Have you ever been overtaken with an insane, lustful rage? It’s the whiskey-in-hand, we-can’t-work-things-out, why-can’t-I-tell-her-how-I-feel, what-the-fuck-is-so-difficult-about-this-shit, burning-through-cigarettes kind of madness. It’s the sort of rage that leaves you pacing back and forth in the kitchen, thinking fake conversations in your head while your eyes just burn into nothing in particular. You just mumble things here and there thinking you’re an idiot and occasionally blurt out a coherent “fuck” or “damn it.” You only stop to pour your blessed whiskey into a shot glass, highball or mixing cup – whatever is clean at the moment. For whatever reason you feel trapped in that instant with nothing else in the world – it’s just you, the anger and the whiskey.

Now picture all of that, the ping-ponging, the muttering, the burning eyes, but without the alcohol. Picture instead that instead of a chilled, caramel-colored beverage, you’ve chosen a loaf of bread and a stick of butter as the outlet of your frustration.

You untwist the little tie or pull off that plastic square thing almost breaking it in half (which happens even in normal operating conditions I must add), and you tear into that loaf of bread piece by flaky piece. You have your knife and you viciously slice into that stick of soft butter over and over again, smearing it across the bread. All the while you seethe and pace and think “what the fuck” as you bite off a piece of bread and continue on your way. Picture doing this for twenty minutes.

That was my Sunday night.

I didn’t write it into my calendar. I didn’t need to finish the loaf before it all went moldy. I wasn’t even that hungry. I thought to myself: “I should go find a snack and make some coffee.” It was that innocent. I get the coffee brewing. I start peering into the fridge, and while I’m in there something just snaps. It was this out-of-nowhere, visceral, what-the-fuck-is-so-goddamned-wrong-with-me outburst.
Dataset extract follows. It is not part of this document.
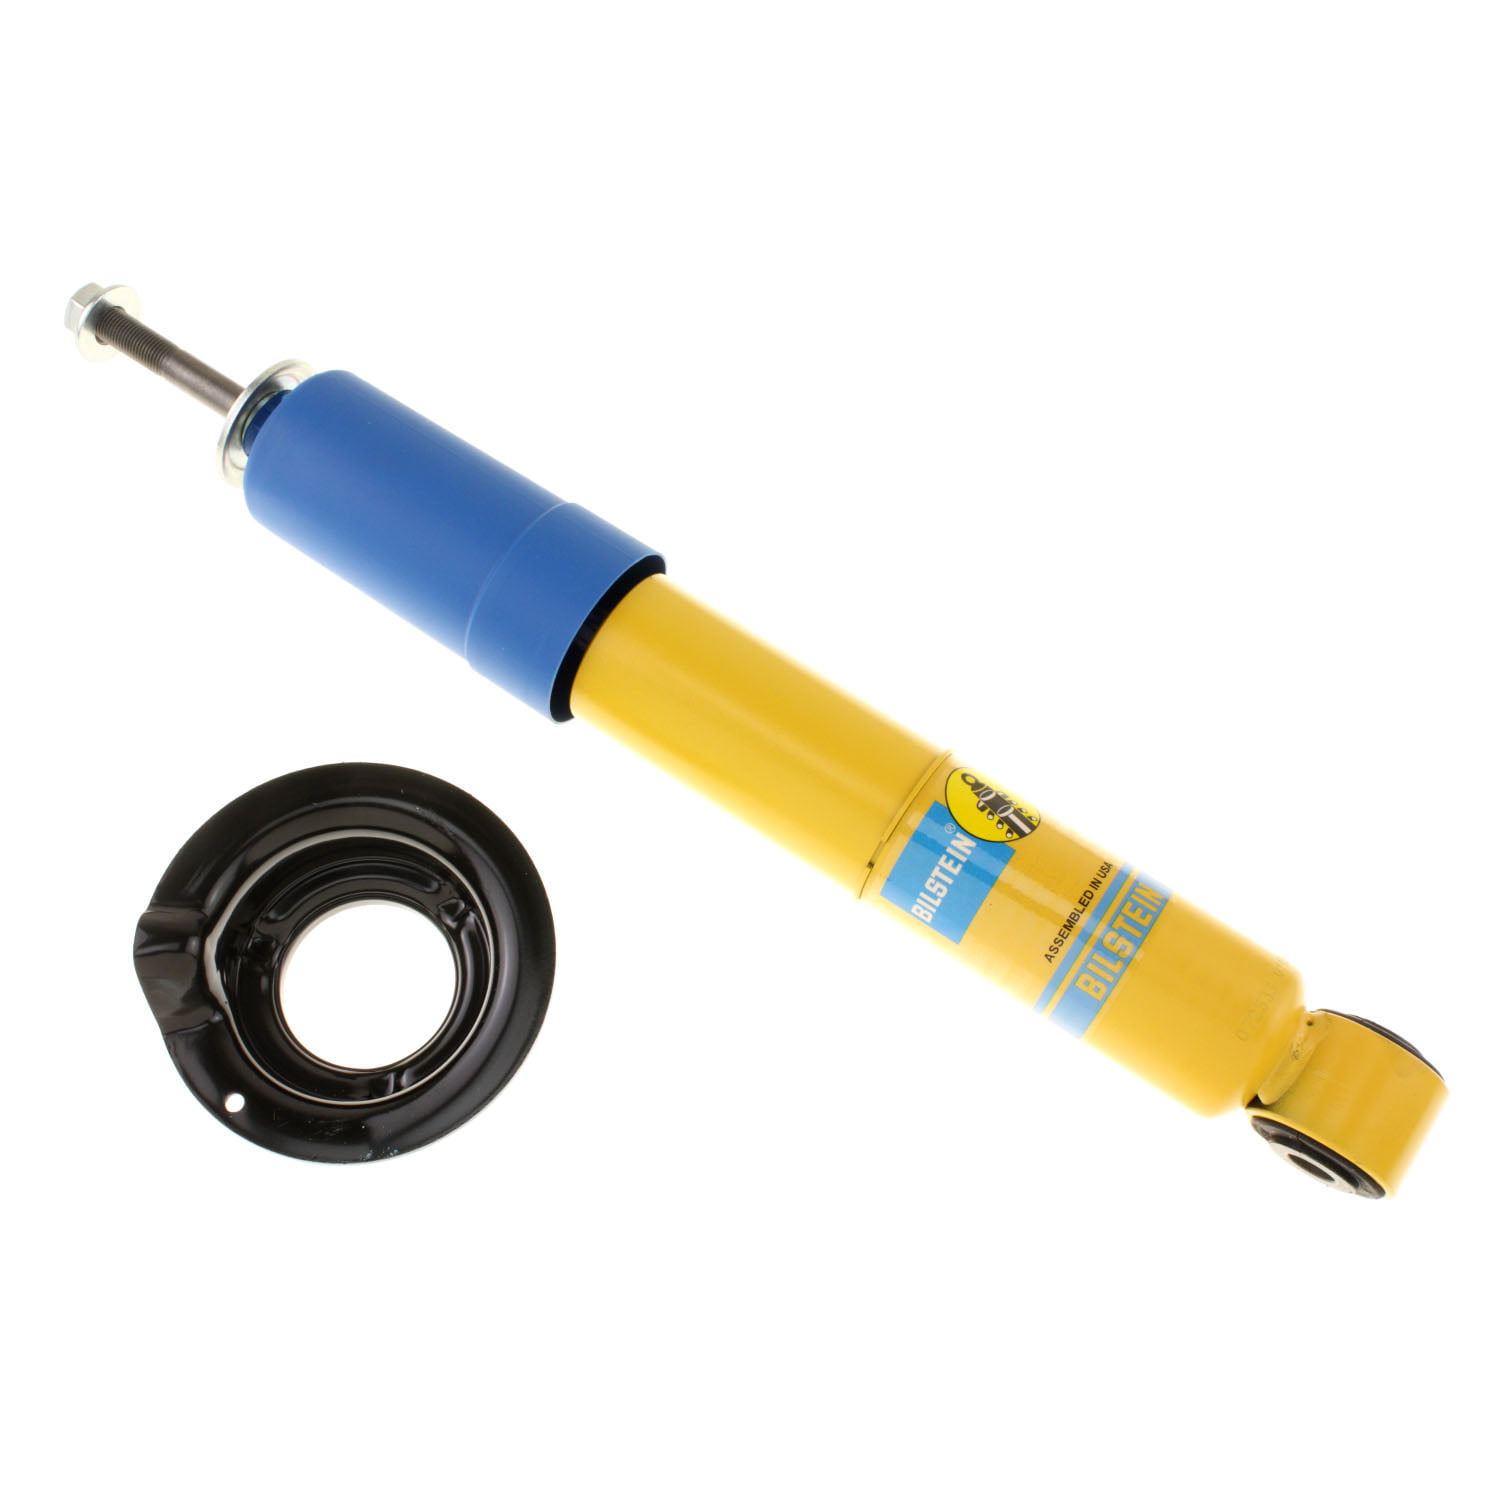 Bilstein Monotube Shock Absorbers Front/Rear Set of 4 For 05-12 Pathfinder

I’ve been single for a few months now, nothing major mind you, but I think it’s starting to take its toll. Couple that with coming out of an on-again, fuck-off-again relationship. Couple that with having contact with the ex again. Couple that with realizing how it will never work between the two of us. Couple that with having no real prospects and being complete shit at meeting women. When you put that all together, you can see why it might be maddening. But bread and butter?

I can’t justify it. There’s nothing about the bread that held any particular sentiment. I’m not some closet bread fetishist. It was just stupid happenstance.

Although I think I had better figure out this relationship bullshit soon before I find myself pouting over some chips and salsa.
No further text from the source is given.